Available data:
##########

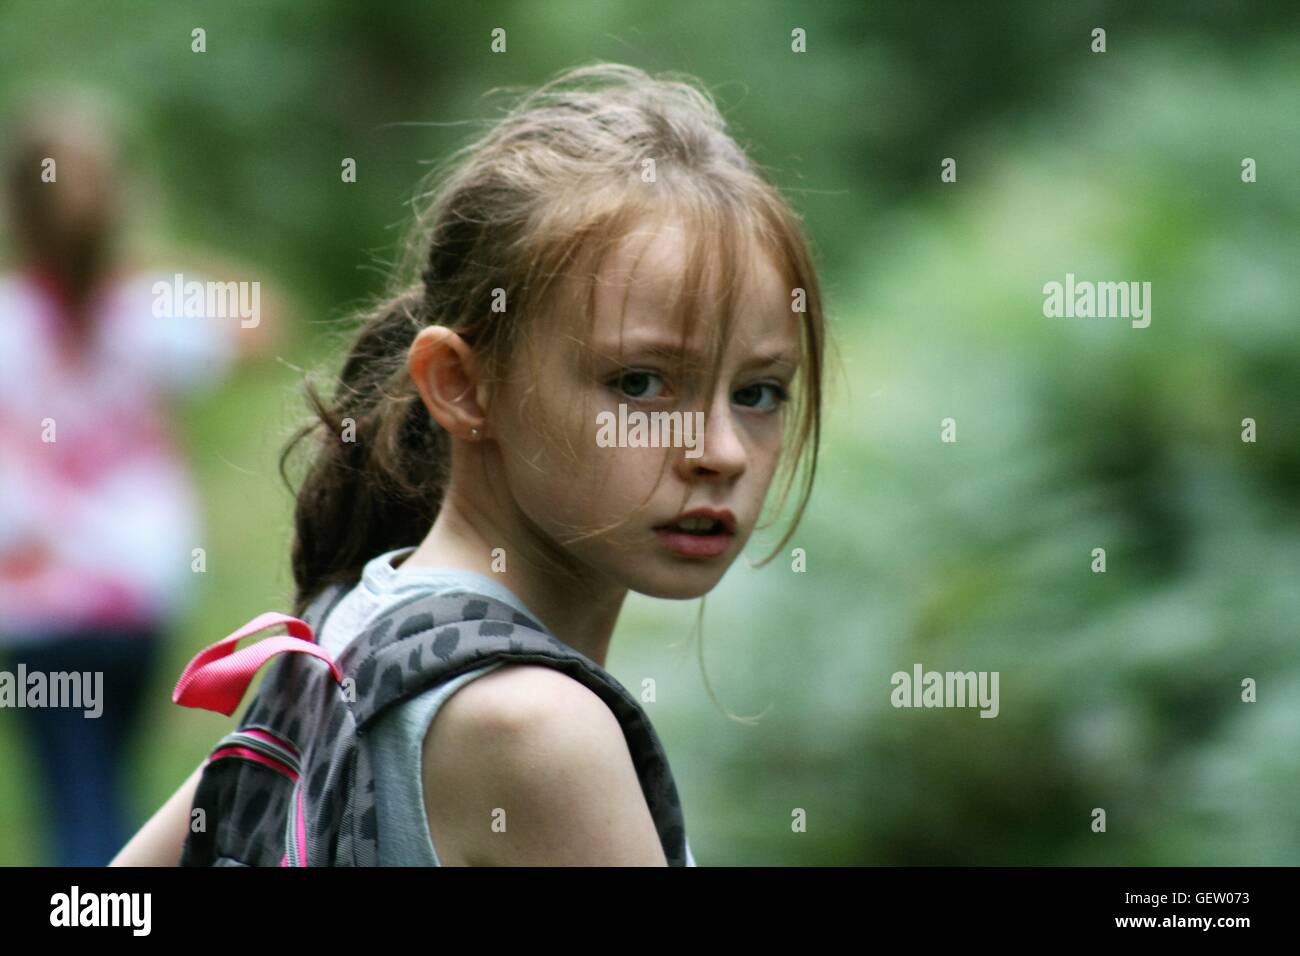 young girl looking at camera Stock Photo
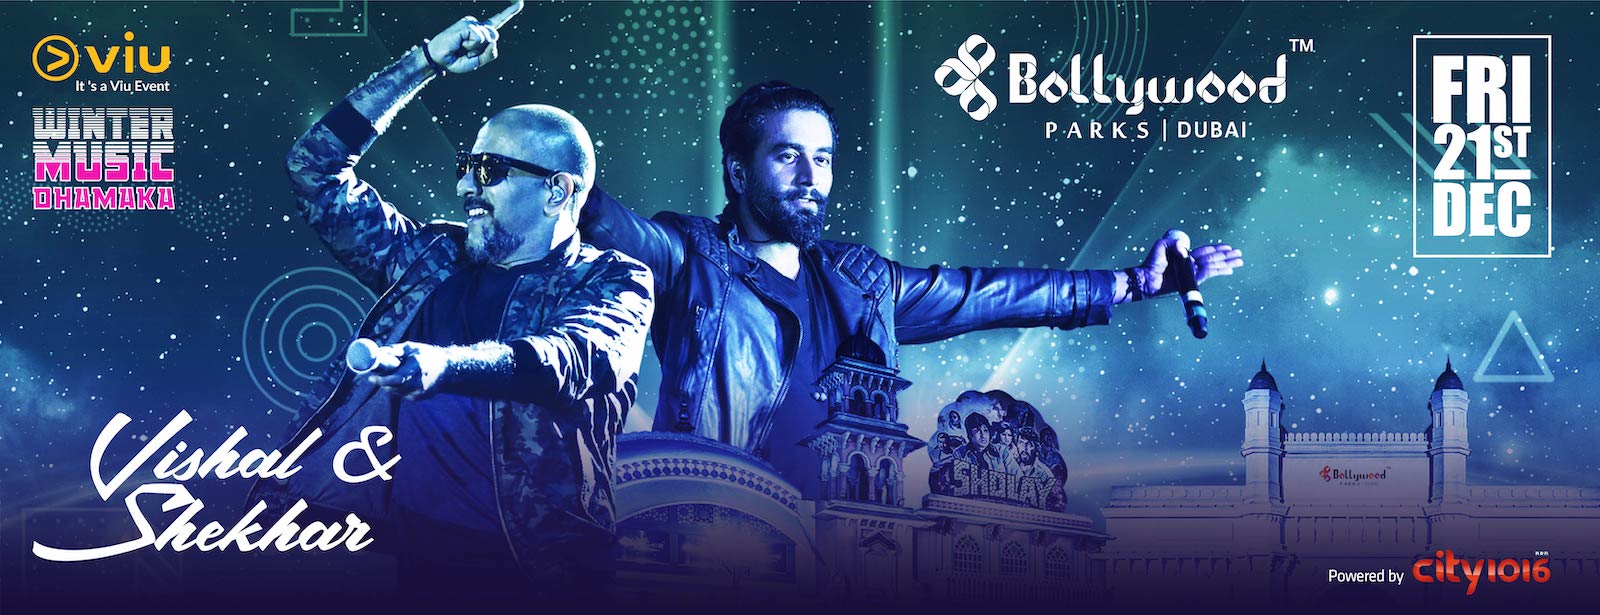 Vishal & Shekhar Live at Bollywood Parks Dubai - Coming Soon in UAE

##########

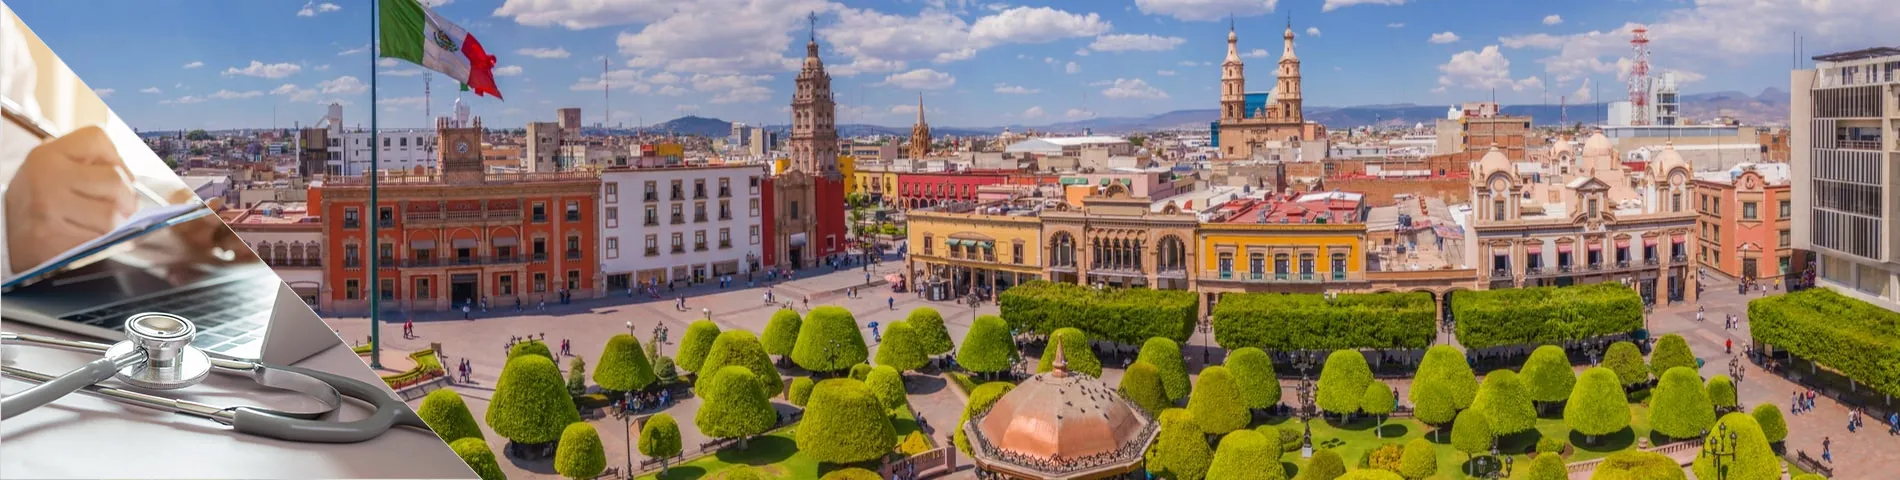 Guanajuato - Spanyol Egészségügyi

##########

What to do: In the data above, start at the line holding "young girl looking at camera Stock Photo" and stop after the line holding "Vishal & Shekhar"; write out those lines exactly, without pictures.

Result below:
 young girl looking at camera Stock Photo
 Vishal & Shekhar Live at Bollywood Parks Dubai - Coming Soon in UAE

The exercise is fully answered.